Question to the Minister for Public Expenditure and Reform (Deputy Brendan Howlin)
To ask the Minister for Public Expenditure and Reform if he will consider amending legislation in relation to rateable valuation of commercial premises to enable a property occupier/owner to seek a review of the rateable valuation if at any time the value of a property changes, which would have the effect of restoring the situation regarding reviews to what it was prior to the Valuation Act 2001 and would assist in improving the lettability/viability of vacant commercial properties; and if he will make a statement on the matter.
For WRITTEN ANSWER on 08/07/2014
It is important to acknowledge that commercial rates, as a source of revenue, and the rating system generally, are deeply embedded in the local government system. Rates income is a very important contribution to the cost of services provided by local authorities such as roads, public lighting, development control, parks and open spaces. All rates collected within a local authority area are spent exclusively in delivering the public services which are required locally and help to create the environment in which businesses can prosper. Locally elected members adopt the annual rate on valuation (ARV) they consider necessary in order to provide the required services. Rates are a stable source of financing for local government which is not affected unduly by short-term changes in economic circumstances. A system having regard to economic factors such as fluctuations in supply and demand, inherent in the property letting market on an ongoing basis would create uncertainty by providing for continuous change to thevaluation base. Such a system would not provide a stable basis for funding local government and would require significant additional resources to operate.
The levying of rates on commercial property by reference to movements in the letting market rather than valuation would be a significant change and a departure from the long-standing practice of levying rates by reference to property values.

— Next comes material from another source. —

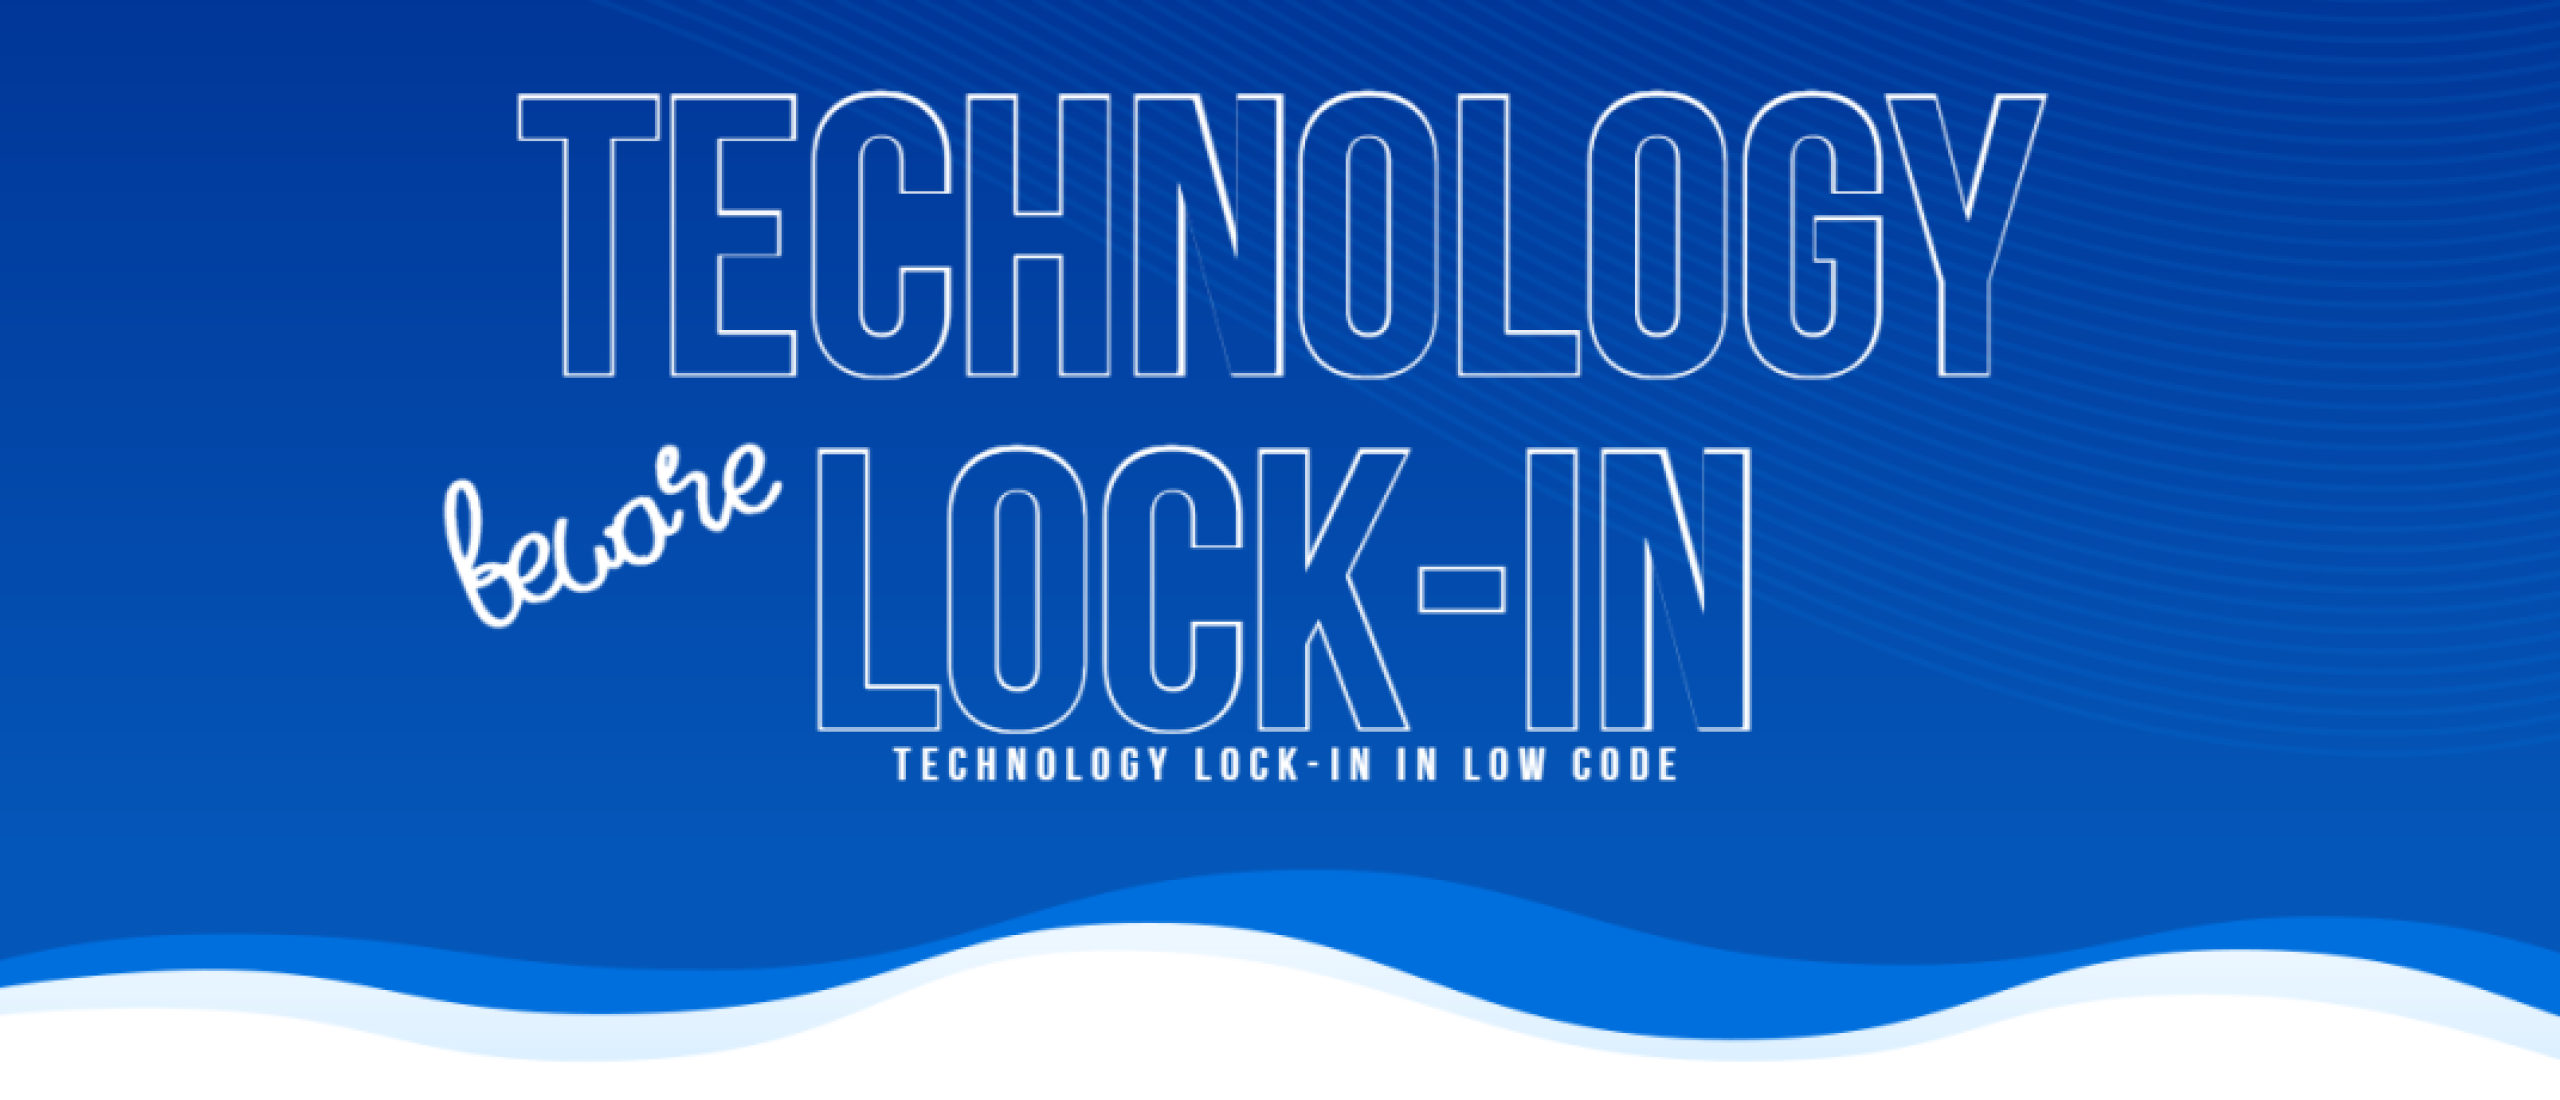 Low Code technology lock-in

The introduction of such a system for rating purposes would not be suitable because supply and demand in the property market can vary significantly from year to year and within and between the various business sectors which would lead to an unstable and volatile valuation base. Therefore, I have no plans to change the method by which valuations are assessed for rating as such a radical move would represent a significant departure from the long-standing practice of levying rates solely by reference to property values.
The Valuation Act, 2001 provides for two key elements in the provision and maintenance of the valuation lists for rating – revision and revaluation. The revision process provides for the updating of valuation lists so that new properties can be valued and added to the list, improved and extended properties can have their valuations updated and properties that have been demolished in whole or in part can have their valuations amended or struck out as appropriate.
Under the current provisions of the Act, an owner/occupier of an individual business premises who has concerns about the valuation of their property or any part thereof, including its rateability or the method of calculation may apply to the Valuation Office for a revision of the valuation. A Revision Officer is then appointed, who may carry out a revision of valuation in relation to a particular property only if a material change of circumstances (MCC) has occurred since the property was last revised. MCC is defined in section 3 of the Act as a change of circumstances, which consist of a new building, a change in value due to structural alterations of an existing building, total or partial demolition of a building or a sub-division or amalgamation of relevant property. The definition, however, does not allow for a revision of valuation where the change in value is due to economic factors, differential movements in property values or other external factors such as road or other infrastructural development in the vicinity of a property.
The revaluation provisions in the Act provide for the revaluation of all rateable property within a rating authority area so as to reflect changes in value due to economic factors, differential movements in property values or other external factors such as road or other infrastructural development in the vicinity of a property. The purpose of revaluation is to bring more equity, fairness and transparency into the local authority rating system – distributing the commercial rates liability more equitably between ratepayers. Following revaluation, there will generally be a much closer and uniform relationship between rental values of property and their commercial rates liability. In essence, the exercise aims to ensure that each ratepayer bears a fair share of the rates burden relative to the value of the property that they occupy. It is not the purpose of revaluation to increase the total amount of rates collected by local authorities. In fact, the relevant legislation (Valuation Act, 2001 and the Local Government Business (Improvements Districts) Act, 2006 provides that the commercial rates income of local authorities in the year following revaluation is capped.
The Valuation Office is currently engaged in a national revaluation programme, the immediate objective of which is is to ensure that the first revaluation of all rating authority areas is conducted as soon as possible.